# Curse you, chown!



## davidbrit2 (Oct 3, 2002)

The next time I get the slick idea to chown -R my entire /Applications directory, just come slap the piss out of me.

Let's just say a lot of stuff stops working when it's setuid to me rather than root.

I sure am glad Disk Utility has that repair permissions function. I think it's going to be running for a while, though...
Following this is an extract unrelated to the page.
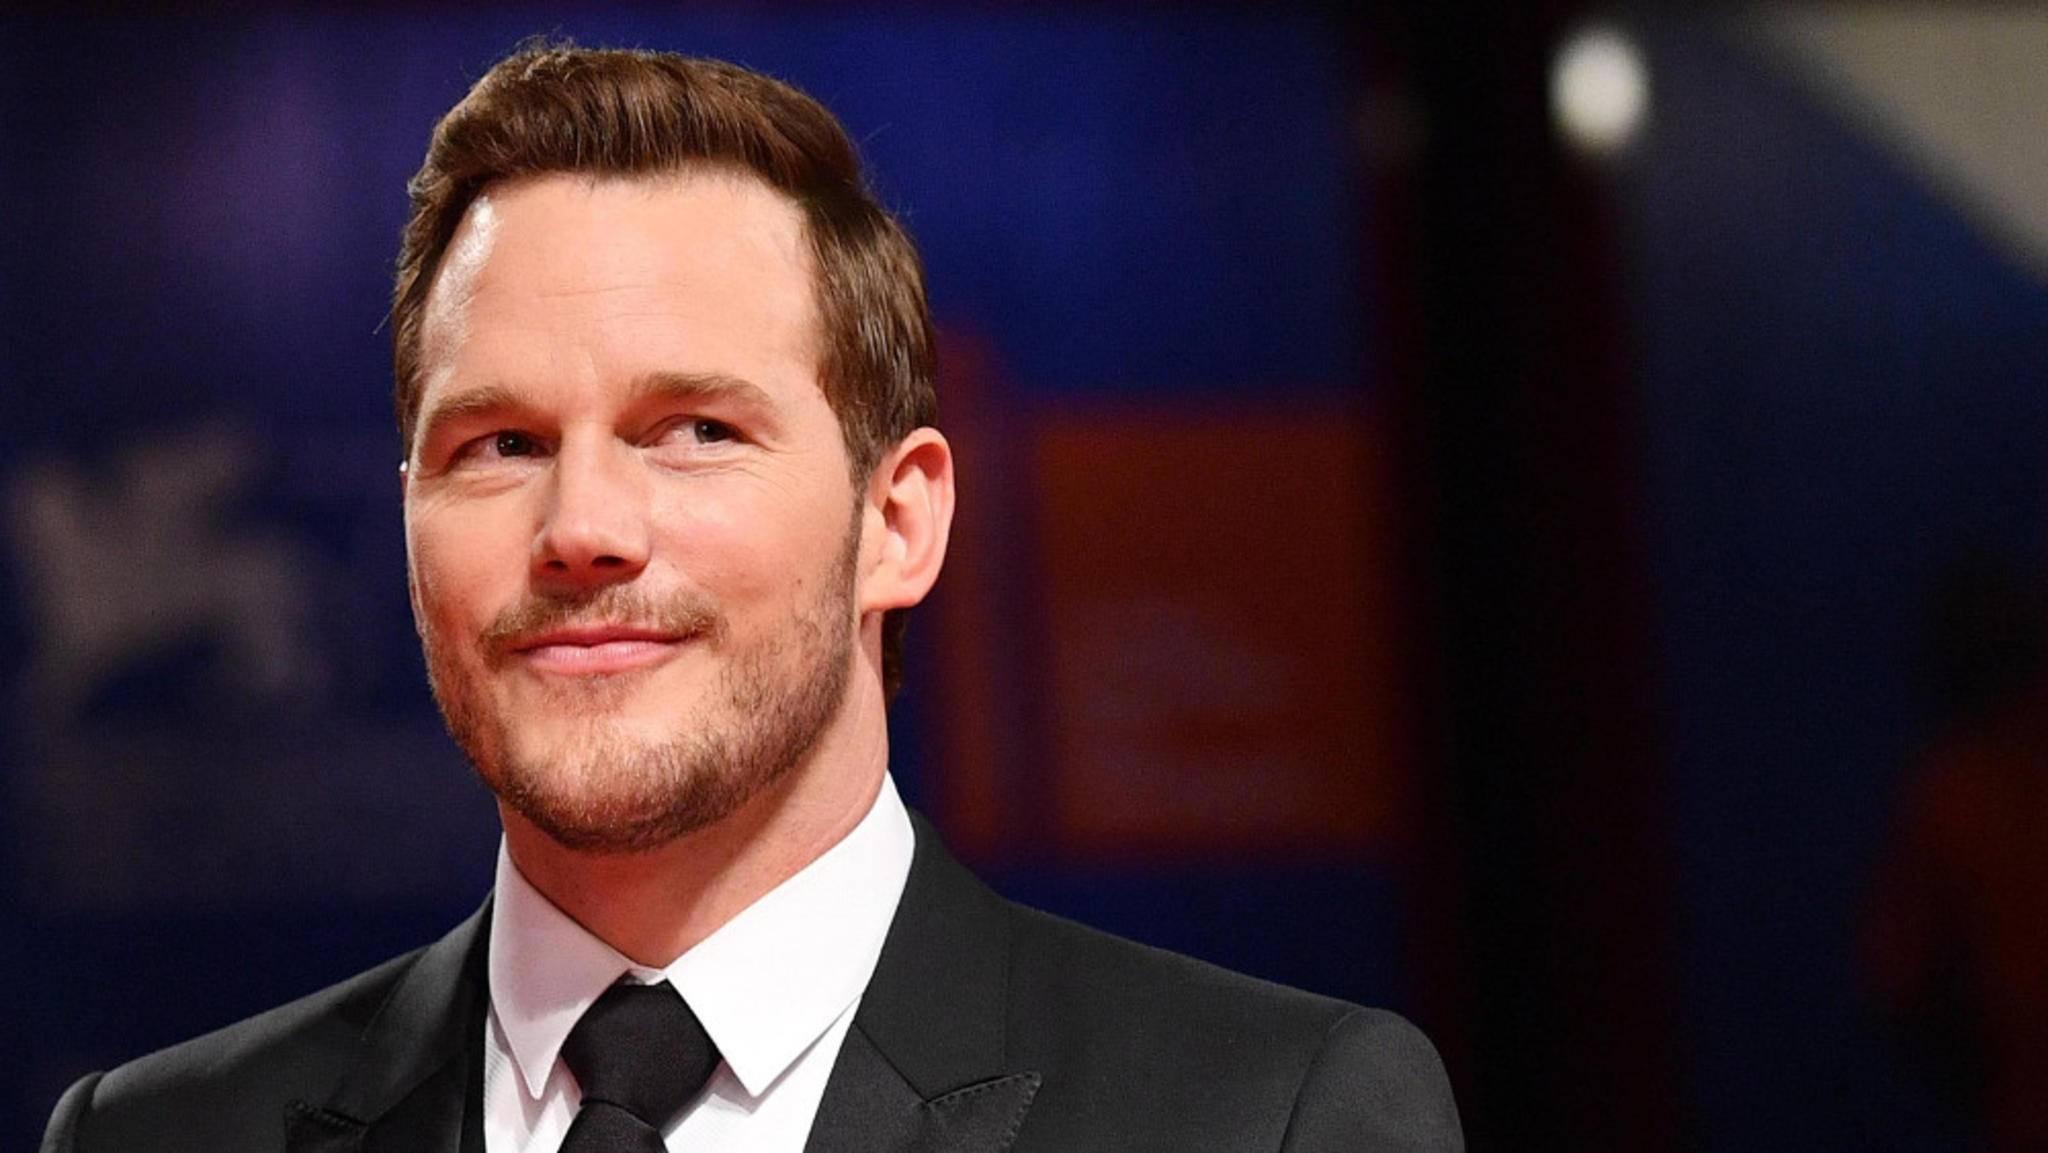 Chris Pratt macht nicht nur als Schauspieler, sondern auch als Zauberkünstler eine gute Figur.
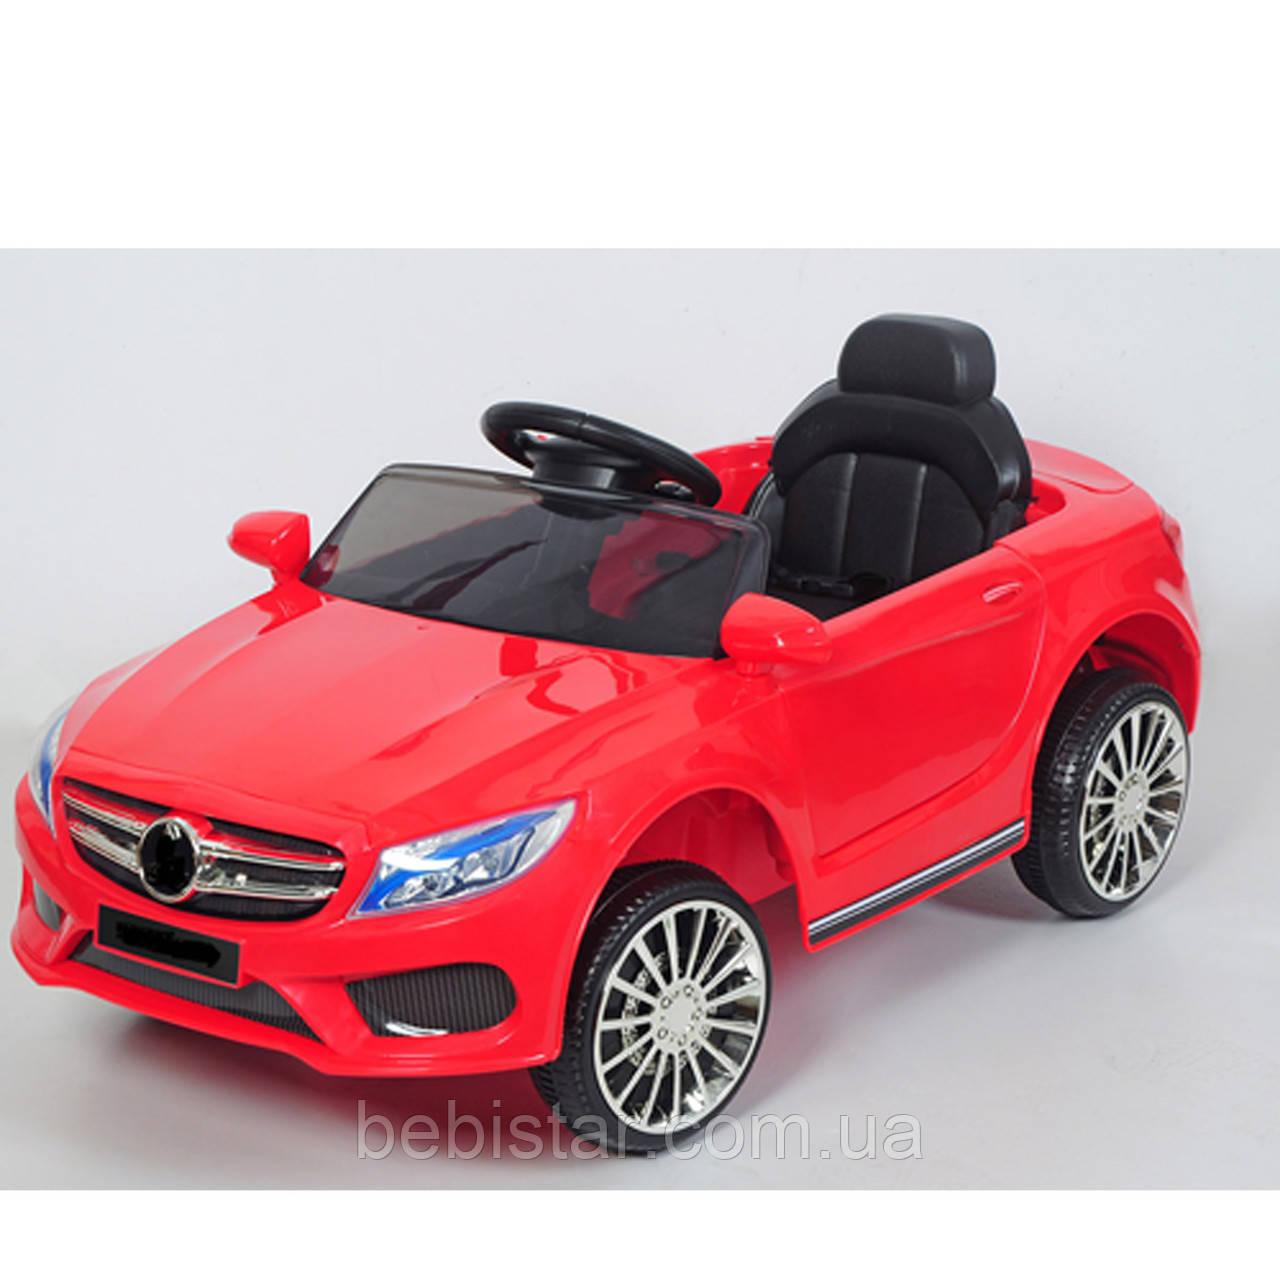 Електромобіль спорткар червоний T-7620 EVA RED для дітей 3-8 років з MP3

Agenda for tomorrow: make customized, idiot proof chown.


----------



## onan (Oct 4, 2002)

> Agenda for tomorrow: make customized, idiot proof chown.

Easy!  rm /usr/sbin/chown


----------



## Rhino_G3 (Oct 4, 2002)

> _Originally posted by onan _
> *> Agenda for tomorrow: make customized, idiot proof chown.
> 
> Easy!  rm /usr/sbin/chown *



ha ha,  I like that!


----------



## ksignorini (Oct 4, 2002)

You mean, sudo rm /usr/sbin/chown.

I don't think rm is setuid root.

Good damn thing.

;-)

Kent!


----------



## davidbrit2 (Oct 4, 2002)

Yeah, otherwise I'd probably screw myself even more than with chown.


----------



## fddi1 (Oct 4, 2002)

or better yet sudo *sudo mv /usr/bin/chown /usr/bin/kickme*


----------



## dani++ (Oct 7, 2002)

UNIX joke beware!!!

Seriously, posting wrong or devastating terminal commands that cognoscenti find hilarious is really dangerous.

This is a thing that in most mature technical forums is never done as n00b users and all sorts of people will take the commands seriously and execute them. A delete all files one-liner is really easy to post as a joke, and in some part of the world some novice will copy-paste... BLAM!

Beware of this. Joking with the CLI is like joking with money, good to imagine doing it, nasty to do.


dani++


----------



## Rhino_G3 (Oct 8, 2002)

> _Originally posted by dani++ _
> *UNIX joke beware!!!
> *



Then there are the people who just don't get it...  I was laughing my head off at the last command posted, my Girlfriend came over to see what was funny.  
The look on her face was priceless!


----------



## davidbrit2 (Oct 8, 2002)

Hey, it's natural selection. Let those without any common sense blow away their systems. It'll keep them out of IT positions. ;-)

Running unidentified commands like these would be like taking unmarked pills found on the street.


----------



## onan (Oct 14, 2002)

You are correct that it's probably impolite to leave sharp objects lying around. But at least in this particular case, I'd argue that anyone who does such a thing is probably better off without chown installed.   =P


----------